Gradient oxygen-containing graphite felt electrode for improved current density distribution in vanadium redox flow batteries

As a promising candidate for large-scale energy storage systems, vanadium redox flow batteries (VRFBs) are nevertheless limited by the uneven electrolyte distribution and reaction localization in conventional homogeneous electrodes. To address this critical issue, we propose a novel paradigm of spatially decoupling the mass transport and electrochemical reaction functions within a single electrode. This is realized by fabricating a gradient oxygen-functionalized graphite felt (GOC-GF) via a rapid (<10 min) and tunable air plasma process. This oxygen gradient creates two synergistic effects. First, it establishes a gradient in catalytic activity that confines the primary electrochemical reactions near the membrane side, shortening the proton transport path. Second, it induces a corresponding hydrophilicity gradient. This wettability gradient acts as an intrinsic, capillary-driven force that guides electrolyte penetration from the flow side into the electrode depth, eliminating mass transport dead zones.

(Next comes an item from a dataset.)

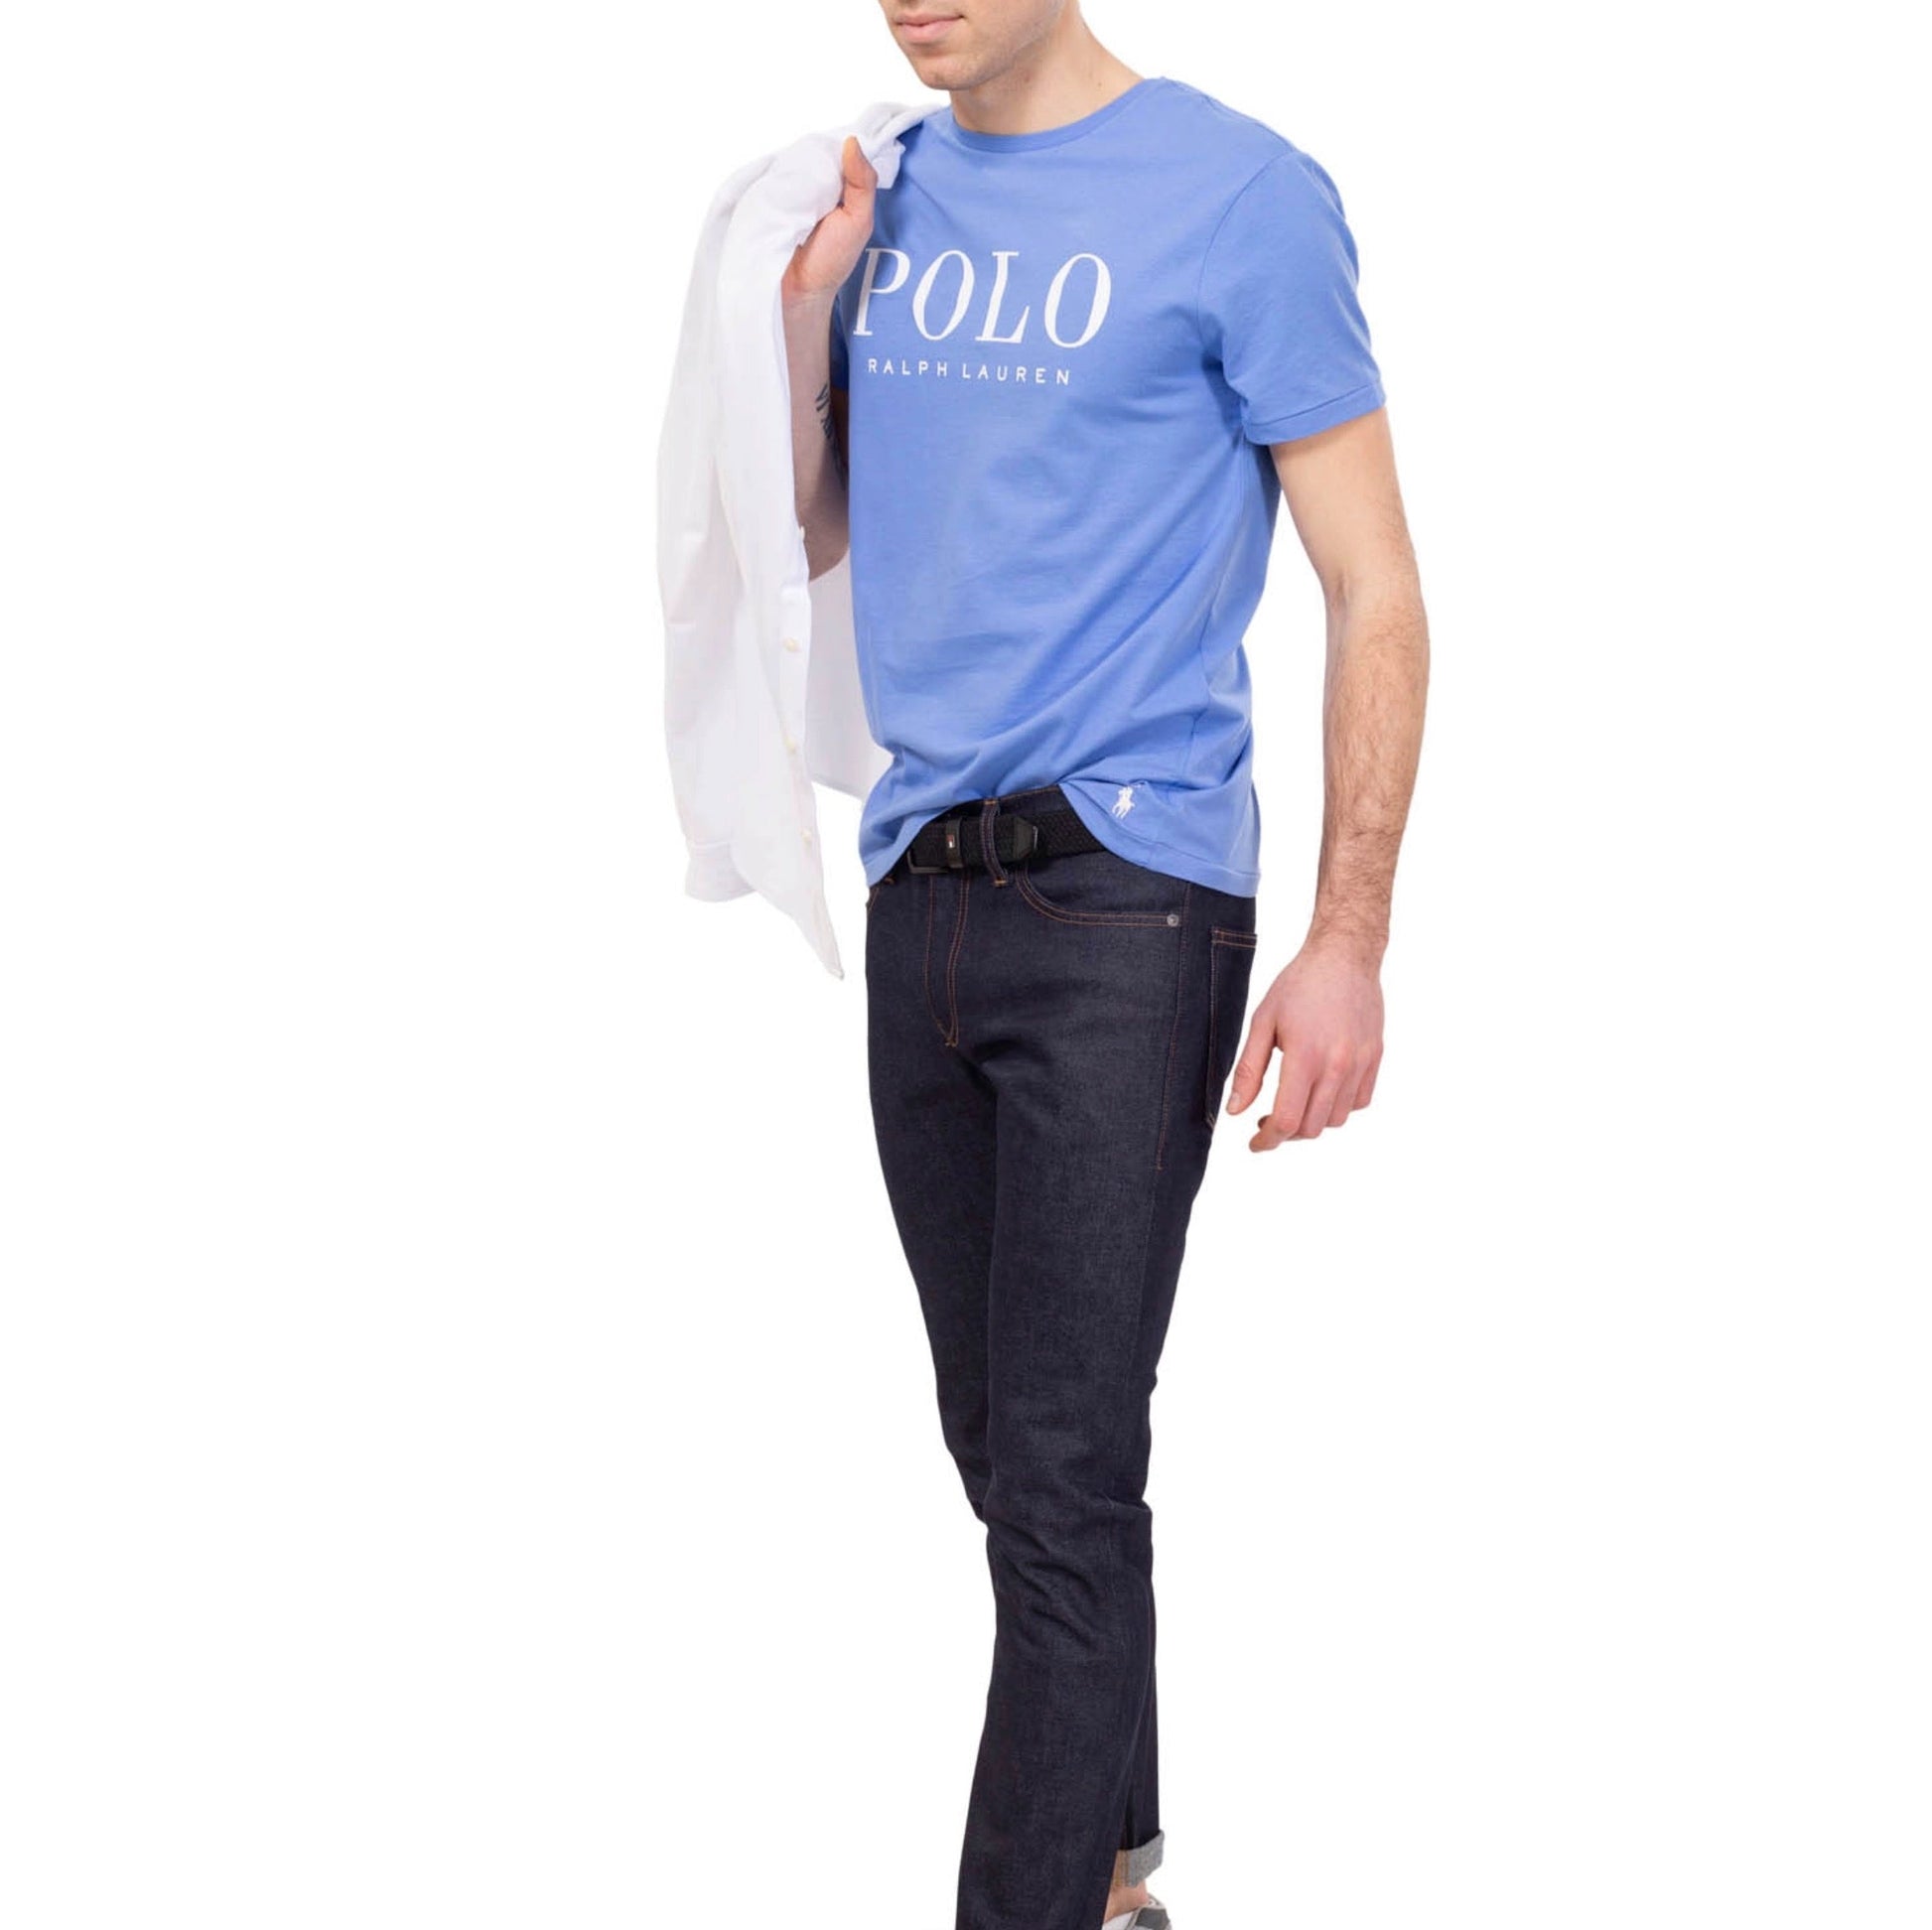 Polo Ralph Lauren SLIM FIT - Polo shirt - harbor island blue/blue

Consequently, the VRFB with the optimized GOC-GF electrode achieves an 8.4% higher energy efficiency (EE) at 200 mA cm−2 than the pristine GF and sustains stable operation at 250 mA cm−2. Furthermore, the introduced gradient in wettability provides a straightforward route to directionally load a broad range of catalyst precursors from aqueous solutions, significantly broadening the applicability of this design. This work presents the functional gradient architecture as an innovative and generalizable design principle for developing advanced electrodes in high- performance VRFB systems.